Light brown eyes, familiar eyes, remained etched behind his eyelids for a second, full and unblinking. The remnants of a dream not quite shaken. And Kaz was shaken.

   He stood abruptly, bad leg banging against his desk painfully. The movement sent papers cascading to the floor in lazy parables like fat snowflakes. He didn't care. He strode away from his desk and threw open the window of his upper-floor apartment, leaning on his windowsill and scattering a murder of roosting crows. Indignant caws pierced the morning air. Kaz ignored it all, breathing heavily.

   Below the Slat, the street was nearly barren in the early daylight. Kaz wasn't sure what he was scanning for: a culprit, a distraction, a hapless pigeon to con. There would be none of these in the Barrel at this hour. Two old women with hooked noses and knarled fingers peered up at Kaz knowingly. A boy dressed in plain clothes crossed the street with his back to Kaz, the nape of his alabaster neck peeking between his collar and hat like a gleaming bone. Kaz lowered his head.

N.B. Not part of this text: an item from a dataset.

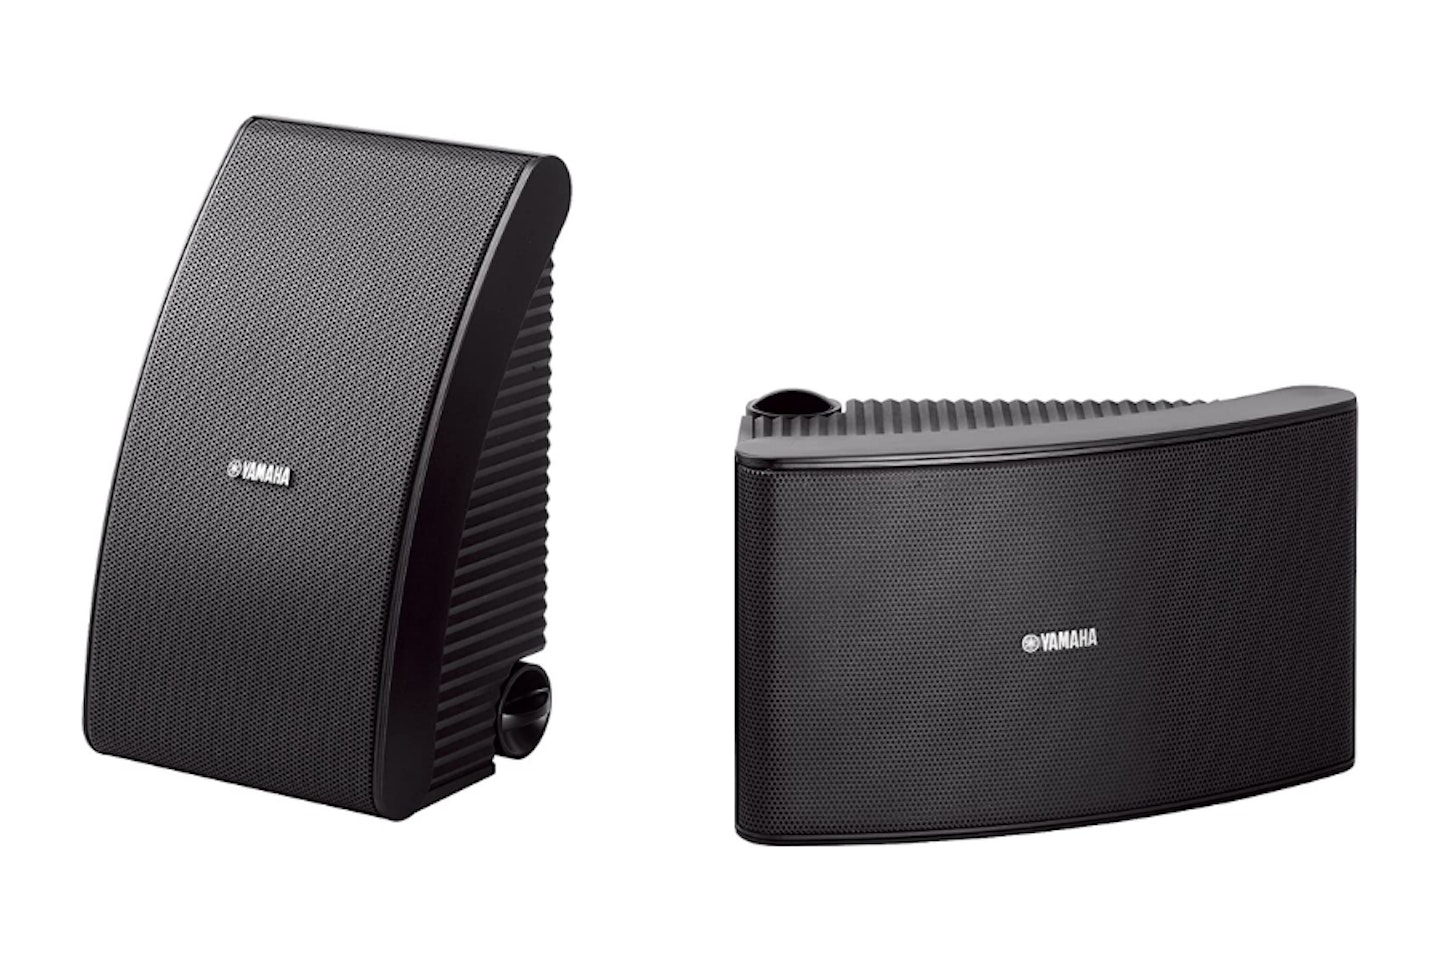 Yamaha NSAW592 All Weather Speakers - one of the best speakers for music

   He needed to relax. This one hadn't been bad.

   There had been a picture; a crayon drawing of stick figures, some scribbled red, some blue, some purple. It had been the work of Kaz's hands, still fat from childhood and ungloved from innocence. His mother had crouched in front of him on the kitchen tiles. She'd been watching him, whispering parting words. Young Kaz barely looked up from his drawing. He'd been old enough to preoccupy himself but too young to be preoccupied. He had wanted a snack at the time.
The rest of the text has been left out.